A new study from University College London published yesterday claims to find that a single vaccine dose provides 62% protection against COVID-19 for care home residents.
The Government-funded study looked at data from more than 10,000 care home residents in England with an average age of 86, between December and mid-March, comparing the number of infections occurring in vaccinated and unvaccinated groups (as determined by a PCR test). It found that a single vaccine dose was effective at preventing 56% of infections after four weeks, rising to 62% of infections after five weeks.
It is the first major study to show vaccine efficacy in the most vulnerable, with Minister for Care Helen Whately saying it is “brilliant to see this [vaccine] is having the positive effect the science suggested, not only by preventing death, but also reducing the chance of infection”.
But have we been given the full picture? Below is the table the 62% figure comes from. It’s the 0.38 after 35-48 days (5-7 weeks) among the figures circled in red. The 56% protection is the 0.44 above it.
Notice two things. First, what the story on the UCL website and in newspaper reports doesn’t mention is that the protection figure drops from 62% to 51% (0.49) after seven weeks (circled red), which is somewhat less impressive. Secondly, the infection rate in the three weeks following vaccination rises significantly (circled orange), with the rate at 2-3 weeks hitting 26.21 vs 21.39 in the unvaccinated, a 22.5% increase. As Lockdown Sceptics has reported before, this increased infection rate post-vaccination has also been found in other studies, with a PHE study finding a 48% increase in infection risk in the over-80s group 4-9 days after receiving the first dose of the Pfizer vaccine, the American FDA Emergency Use Authorisation for the Pfizer vaccine finding 40% higher “suspected Covid” in the first week after vaccination, and a large Danish study finding a 40% increase in infection risk among nursing home residents in the 14 days following the first Pfizer dose.
In this study, the increased infection risk disappears when controls are applied for a number of potential confounding factors including age, sex, prior infection, and local viral prevalence. However, this adjusting process is somewhat opaque (see the description of it under the table) and the resulting confidence intervals for the adjusted hazard ratios are wide enough to drive a bus through. Given the initial sample size is over 10,000, this suggests the adjusting process is brutal and leaves little data in the control groups for comparison.
Drilling down into the data for the two vaccines, Pfizer and AstraZeneca, is even more revealing.
We find, first of all, that the elevated infection risk post-vaccine mainly relates to the Pfizer jab, with the infection rate spike hitting 80% in the second week after the jab in the unadjusted infection figures (circled red). On this occasion even the adjusting process is unable to eliminate it completely (the 1.11 to the right, an 11% decrease in protection). The AstraZeneca jab by comparison only sees a mild spike of 17% in the third week after the jab in the unadjusted infection rate.

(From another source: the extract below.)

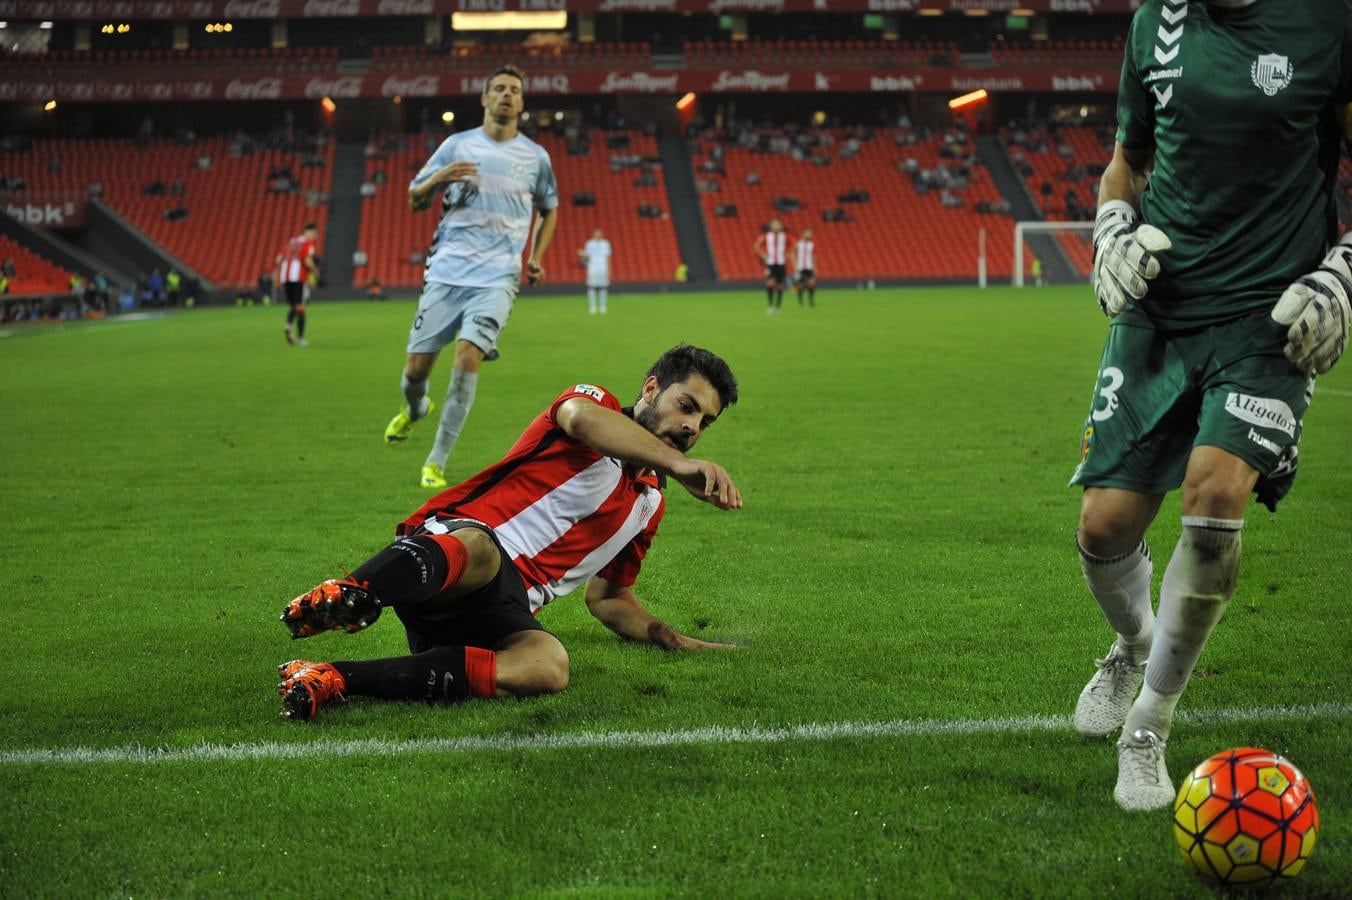 Las mejores imágenes del partido Bilbao Athletic-Llagostera

However, it’s not all good news for the Oxford vaccine, as it turns out the lower efficacy after seven weeks noted above is largely from the AstraZeneca vaccine. The unadjusted figures actually show a higher rate of infection among those vaccinated with the Oxford shot after seven weeks than among the unvaccinated (circled orange). Furthermore, the adjusted hazard ratio shows only a 36% improvement for the AstraZeneca vaccine, compared to a 62% improvement for the Pfizer vaccine after seven weeks. The confidence intervals are, again, wide, but even so this is not a great result for AstraZeneca.
It’s hard not to come away with a sense that the results of this study are being spun to make the vaccines look better than the full data suggests. Was the combining of the figures for both vaccines designed to spare AstraZeneca’s blushes and maintain confidence in the beleaguered shot? Was the use of the better efficacy figures for five weeks instead of seven weeks done to make the vaccines look good? What are we to make of the 80% infection spike after receiving the Pfizer vaccine, and the heavy controls applied that dampen the impact of it in the final results?
Do you ever get the sense that you’re not being told the full, unvarnished truth?
Stop Press: Dr Clare Craig, a frequent contributor to Lockdown Sceptics, has a “rapid response” in the BMJ today, replying to an opinion article blaming vaccinated individuals themselves for causing the post-vaccination spikes. We need to look beyond behavioural change, she says, to a possible effect of the vaccine itself. Good to see these things being raised in the pages of the BMJ.